Material provided:
■ ■ ■ ■
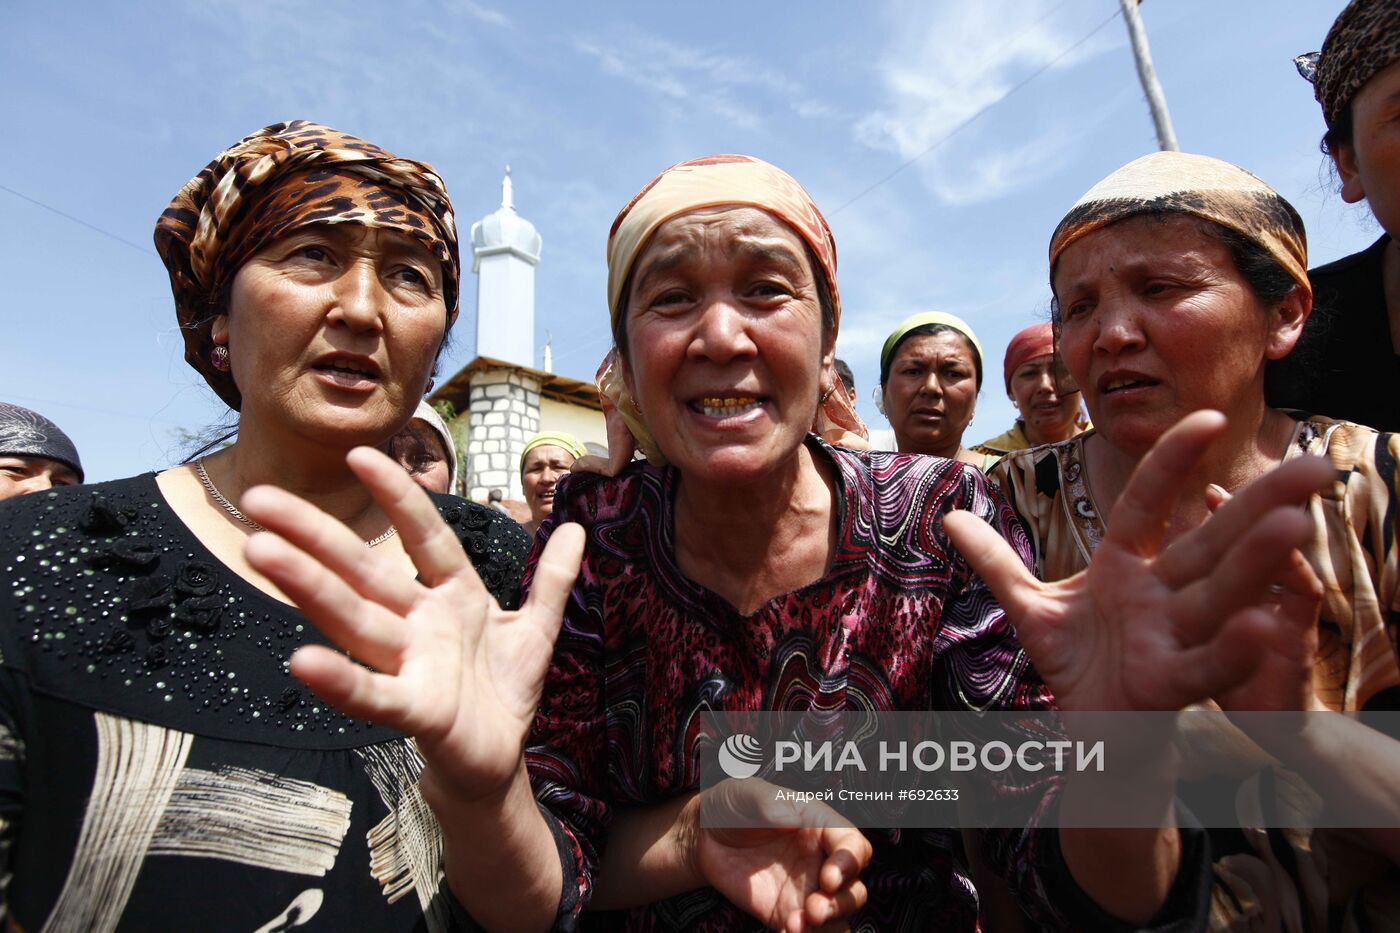 Обстановка на юге Кыргызстана
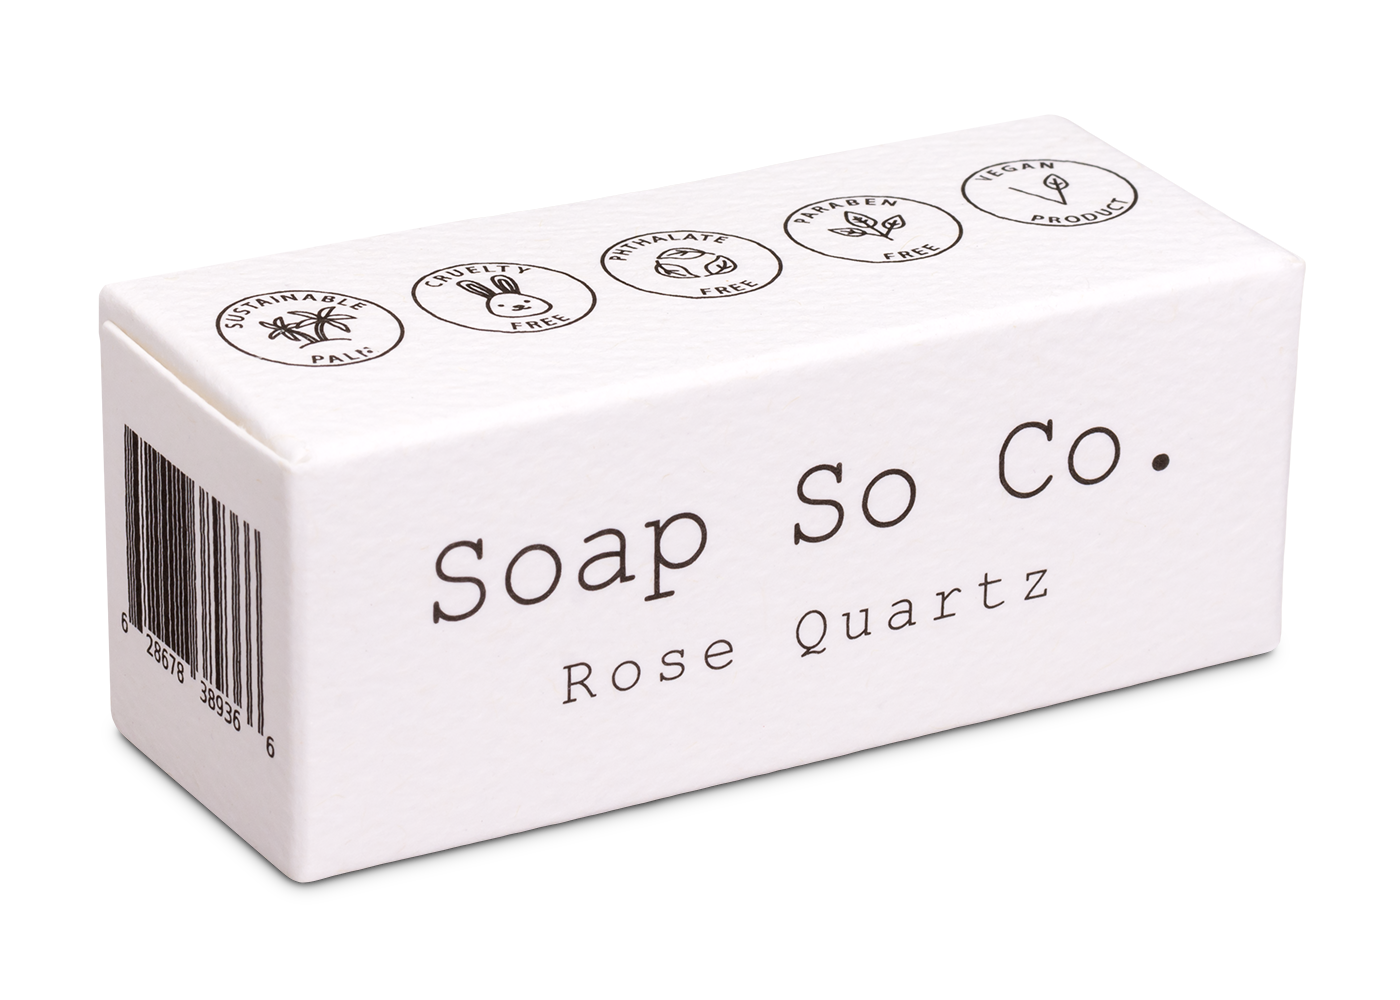 ROSE QUARTZ - MINI - Soap So Co.
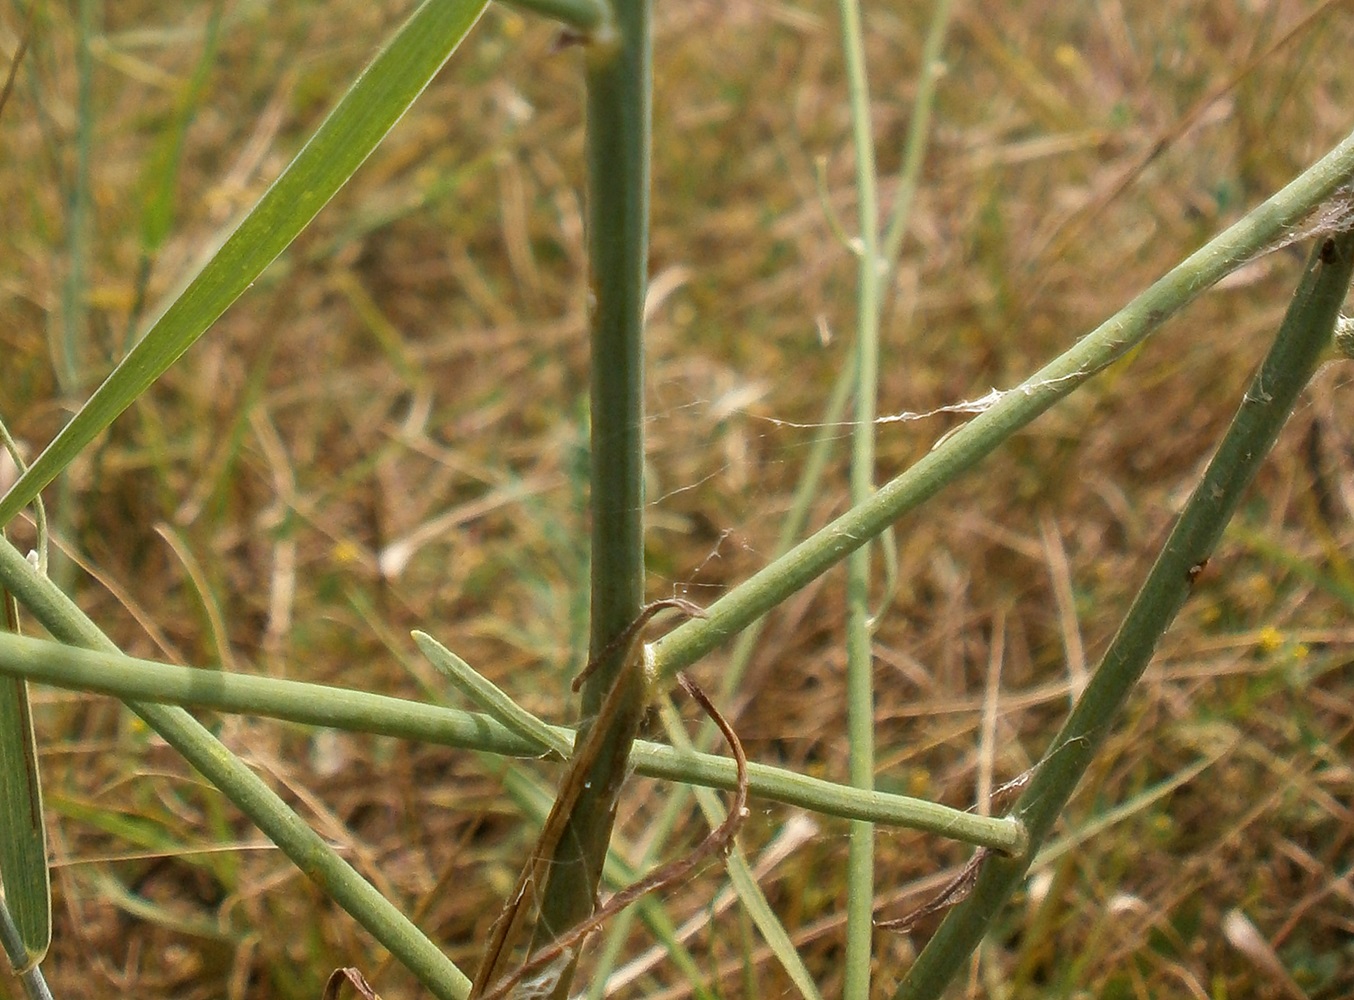 Image of genus Chondrilla specimen.
■ ■ ■ ■
Task prompt:
After locating the line that contains "ROSE QUARTZ - MINI - Soap So Co.", output it and all later lines through the end of the material exactly, leaving out pictures.

Response box:
 ROSE QUARTZ - MINI - Soap So Co.
 Image of genus Chondrilla specimen.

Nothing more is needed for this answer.